Small absolute numbers, no regression at low scale — new is still meaningfully faster even when the preload overhead has little to amortize against.

small — 1 000 performers · 200 studios · 300 tags · 10 000 files

run time heap in use peak rss total alloc gc
baseline 9.045s 5.8 MiB 46.3 MiB 5.0 GiB 2 339
new 1.238s 14.7 MiB 60.5 MiB 461.7 MiB 79
ratio 7.3× faster +8.9 MiB +14.2 MiB −91% −97%

Allocation churn drops sharply (5.0 GiB → 461 MiB) — the prefix index and regex cache eliminate most of the per-file regex compilation & name string-lowering that the baseline pays on every file.

medium — 10 000 performers · 1 300 studios · 1 000 tags · 50 000 files

run time heap in use peak rss total alloc gc
baseline 4m 7.016s 11.5 MiB 57.8 MiB 187.3 GiB 34 357
new 9.208s 62.5 MiB 129.2 MiB 4.2 GiB 135
ratio 26.8× faster +51.0 MiB +71.4 MiB −98% −99.6%

Baseline burns 187 GiB of transient allocations across 34 k GC cycles — symptom of the per-file QueryForAutoTag + regex-recompile + path-lowercase treadmill. The preload fixes all three.

large — 100 000 performers · 13 000 studios · 3 000 tags · 100 000 files

run time heap in use peak rss total alloc gc
baseline aborted after 29:30 (see note)
new 2m 10.997s 573.5 MiB 724.4 MiB 46.6 GiB 170
ratio ≥13× faster (lower bound)

Note on baseline: we let baseline-large run for 29:30 CPU time and checked DB state — it had processed 13 395 / 60 000 scenes (22.3%) and hadn't started images (30k) or galleries (10k). Extrapolating the observed ~7 scenes/sec rate, baseline-large would need ~3.5 more hours to complete (~4 hours total). We aborted to save compute. The ≥13× faster ratio uses only the ~30 min observed on baseline, not the extrapolated full run; with the full run the multiplier is ~60×.

Memory footprint at this scale: 573 MiB heap in use / 724 MiB peak RSS. The preloaded in-memory candidate set (100 k performers × pointer + prefix index + regex cache + all aliases) is the price for the throughput gain. For reference: stashdb's ~100 k performers / 13 k studios / 3 k tags fits comfortably in this envelope on any modern machine; the baseline is effectively unusable at this scale (4-hour auto-tag run) even though it uses little memory.


Summary

preset baseline new speedup
tiny 309ms 107ms 2.9×
small 9.045s 1.238s 7.3×
medium 4m 7s 9.2s 26.8×
large ≥~4h (aborted at 22%) 2m 11s ≥13× (~60× extrapolated)
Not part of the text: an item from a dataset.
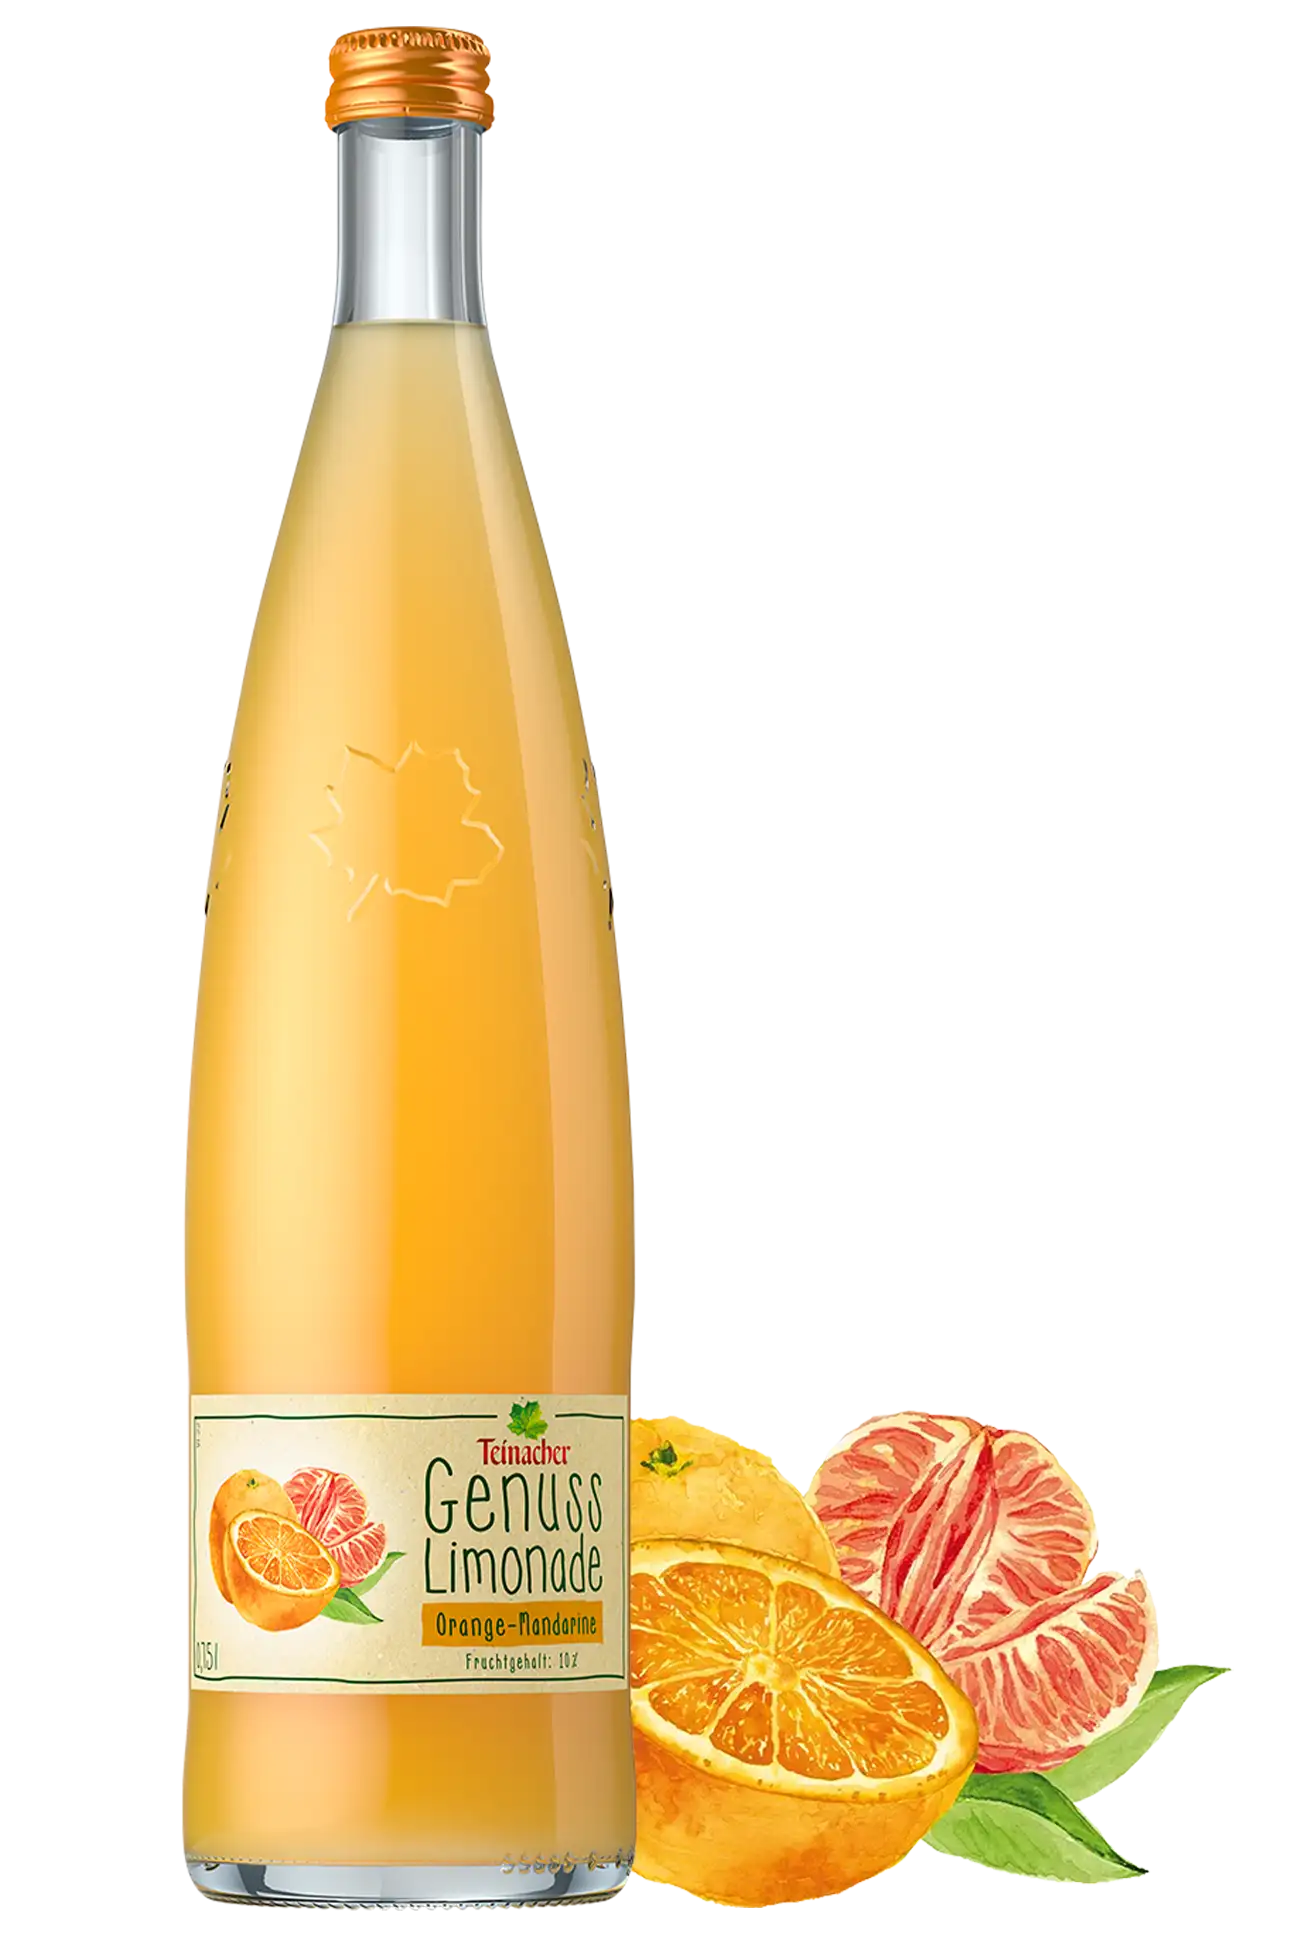 Eine Teinacher Genuss-Limonade Orange-Mandarine in der 0,75 Liter Genussflasche neben Orangen und Mandarine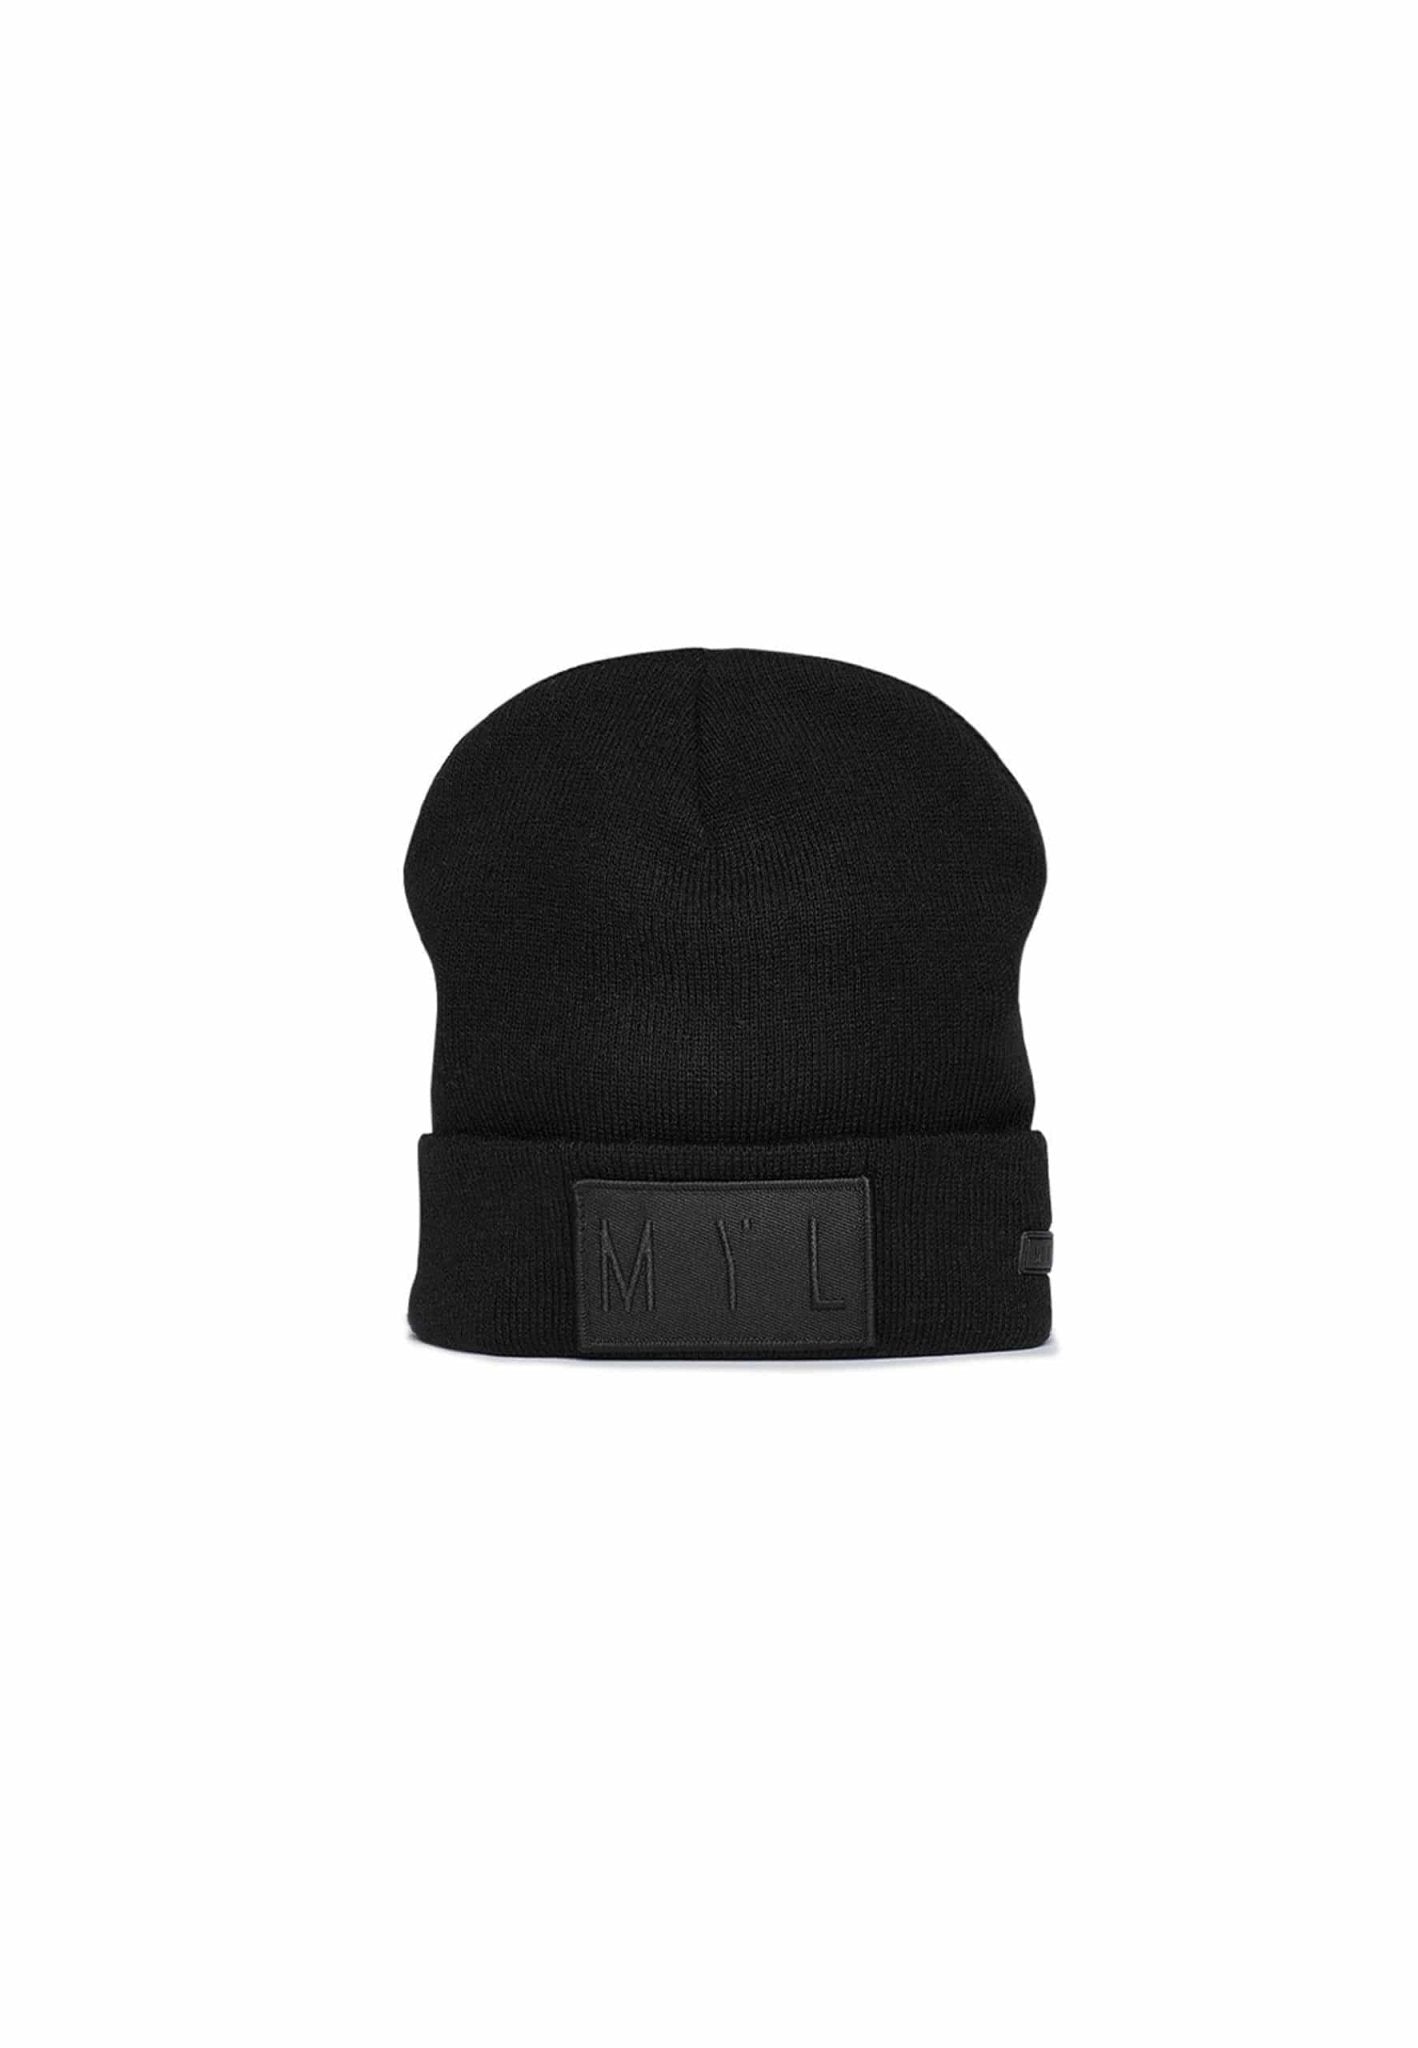 Beanie hat with logo pocket - MYL BERLIN - 4260654110500 - 4260654110500

Speedup grows with scale. At the small end the preload + parallelism overhead is already paid back. At stashdb-comparable scale (large) the baseline is unusable for interactive auto-tagging; the new code finishes in 2 minutes.

Memory trade-off

Heap in use scales with entity count because the preloaded index holds all performers/studios/tags + their aliases + compiled regexps in memory:

preset heap in use (baseline → new) peak rss (baseline → new)
tiny 4.3 MiB → 5.1 MiB 38.0 MiB → 39.5 MiB
small 5.8 MiB → 14.7 MiB 46.3 MiB → 60.5 MiB
medium 11.5 MiB → 62.5 MiB 57.8 MiB → 129.2 MiB
large — → 573.5 MiB — → 724.4 MiB

The cache is job-scoped: it's held for the duration of one auto-tag run and released afterwards, so this doesn't inflate the stash process's steady-state RSS. A user with a 100 k-performer library paying 725 MiB peak RSS during a 2-minute auto-tag job (versus 4 hours with negligible extra RAM) is an unambiguous win.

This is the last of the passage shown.